Sempre há uma pessoa, ou um grupo de pessoas, que contesta as descobertas de uma área qualquer da ciência. É um fenômeno que chamamos de negacionismo da ciência. Sejam os defensores dos combustíveis fósseis argumentando contra a ciência do clima, ou o pessoal que insiste em dizer que o HIV não causa aids, os negacionistas estão à nossa volta espalhando falsas informações que podem, inclusive, causar mortes.
As pessoas que fazem comunicação em ciência precisam se defender desse negacionismo e, para fazê-lo, é importante entender que formas ele assume. Aqui vamos tratar e cinco elementos que caracterizam o negacionismo, conhecidos pela sigla (em inglês) FLICC.
O negacionismo da ciência é exatamente o que parece, a negação de um fato científico feita de tal maneira que as pessoas que não são especialistas no assunto, não têm opinião formada a respeito ou ignoram os dados relevantes, são levadas a crer num ponto de vista que discorda da ciência estabelecida.
Se você é um fabricante de cigarros que quer convencer as pessoas de que cigarros são absolutamente saudáveis, as técnicas FLICC são as que você vai usar em sua mensagem. Na verdade, essas técnicas são empregadas pela maioria dos negacionistas da ciência e, uma vez que você aprenda a identificá-las, você terá mais uma ferramenta para distinguir ciência de verdade de pseudociência.

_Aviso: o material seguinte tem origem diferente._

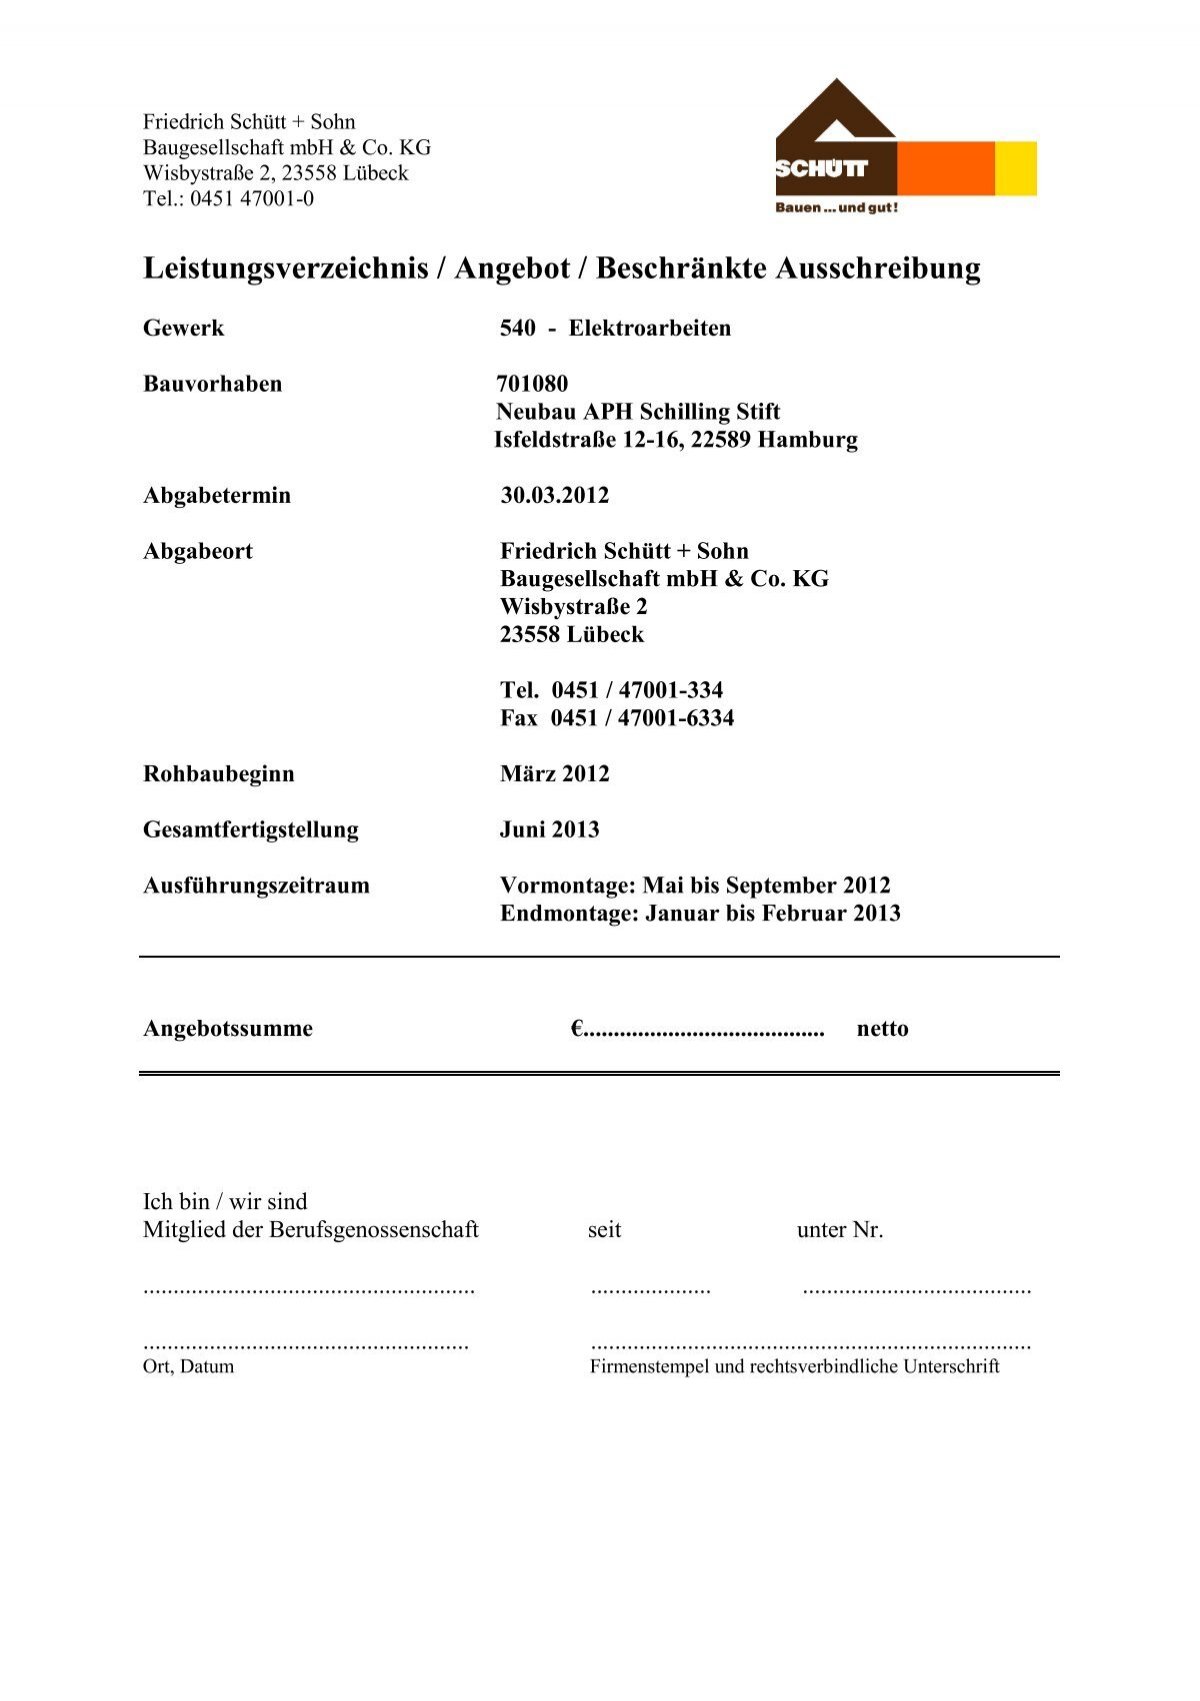 PDF SCHÜTT Schilling Stift LOS 4 - Elektro- 13.03.12.12
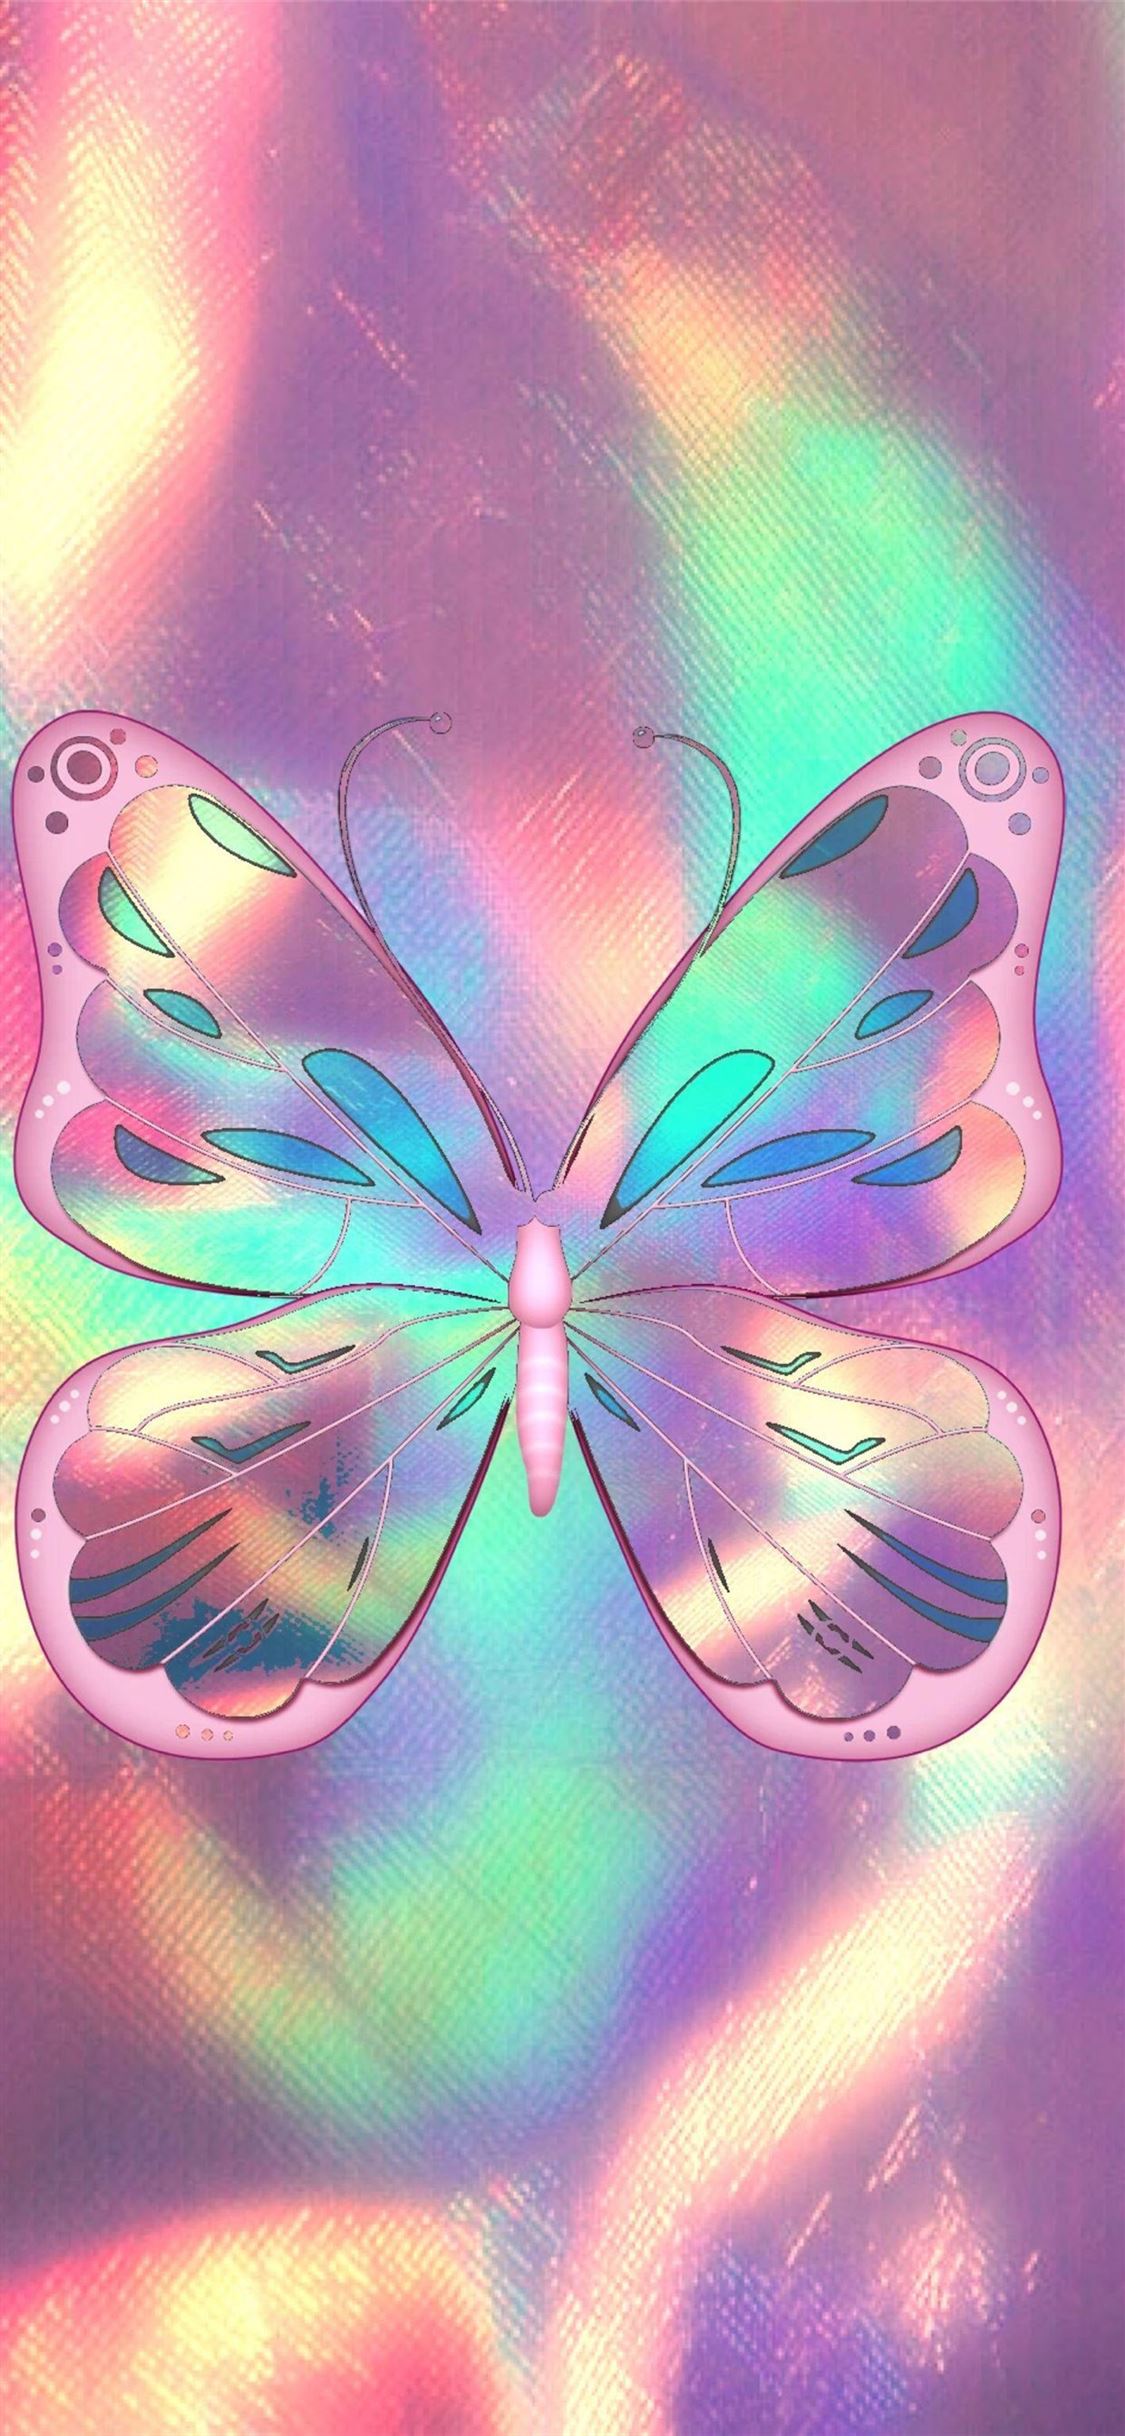 Hình nền bướm tuyệt đẹp HD cho iPhone X - một nét đẹp hoàn hảo như bướm với màu sắc và hình dáng tuyệt vời. Hãy để hình nền này thổi luồng gió mới vào điện thoại của bạn và mang đến sự yên bình, sự yêu thương và sự đam mê.
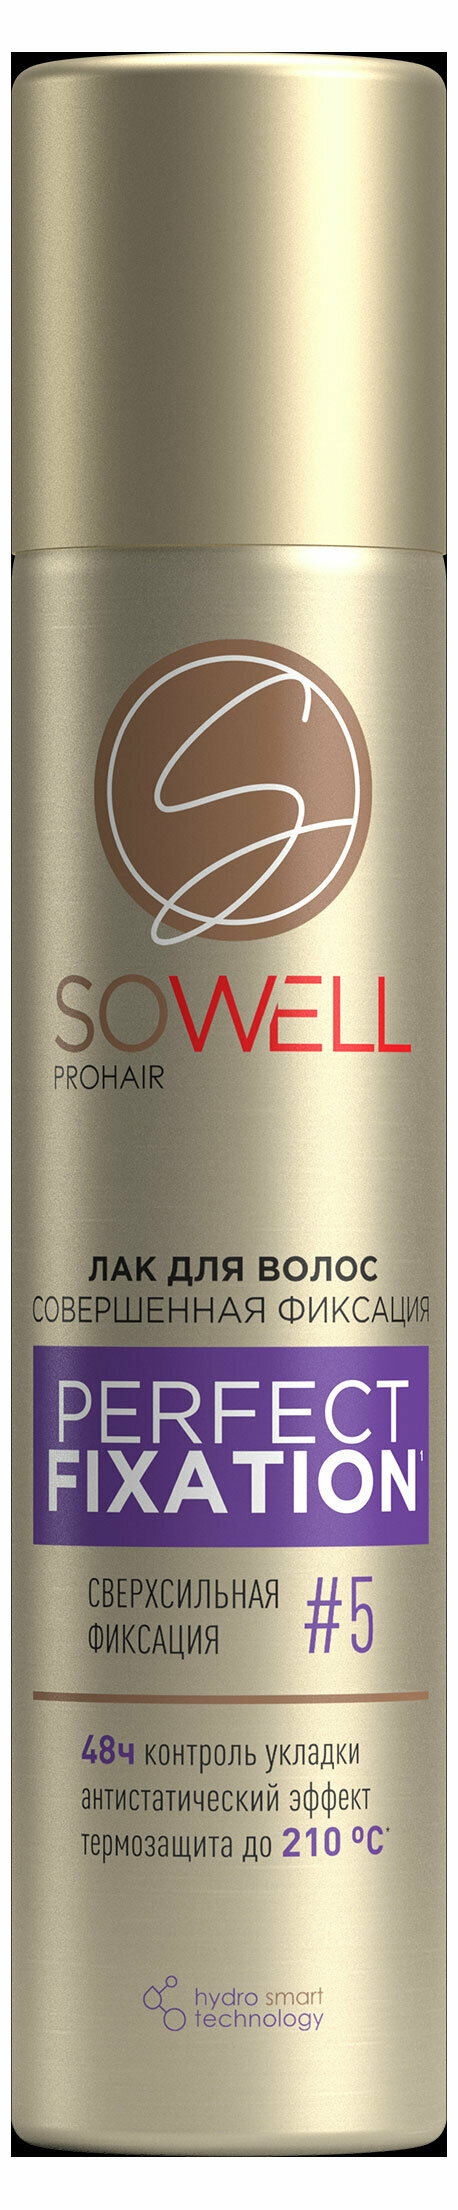 Лак для волос SoWell Perfect Fixation Совершенная фиксация сверхсильной фиксации №5, 75 мл

A sigla FLICC foi criada por John Cook em 2014 (e testada em 2017 neste artigo), mas as cinco técnicasjá haviam sido mencionadas previamente porPascal Diethelm e Martin McKee, em 2009, num paper do European Journal of Public Health (1), que, por sua vez, se baseavam numa espécie de codificação do negacionismo feita pelos irmãos Mark e Chris Hoofnagle, em um artigo do ScienceBlogs de 2007 (2). FLICC quer dizer:
F: Fake experts (Falsos especialistas) L: Logical fallacies (Falácias lógicas) I: Impossible expectations (Expectativas irreais) C: Cherry picking (Seleção a dedo ou “catação de piolho”) C: Conspiracy theories (Teorias da conspiração)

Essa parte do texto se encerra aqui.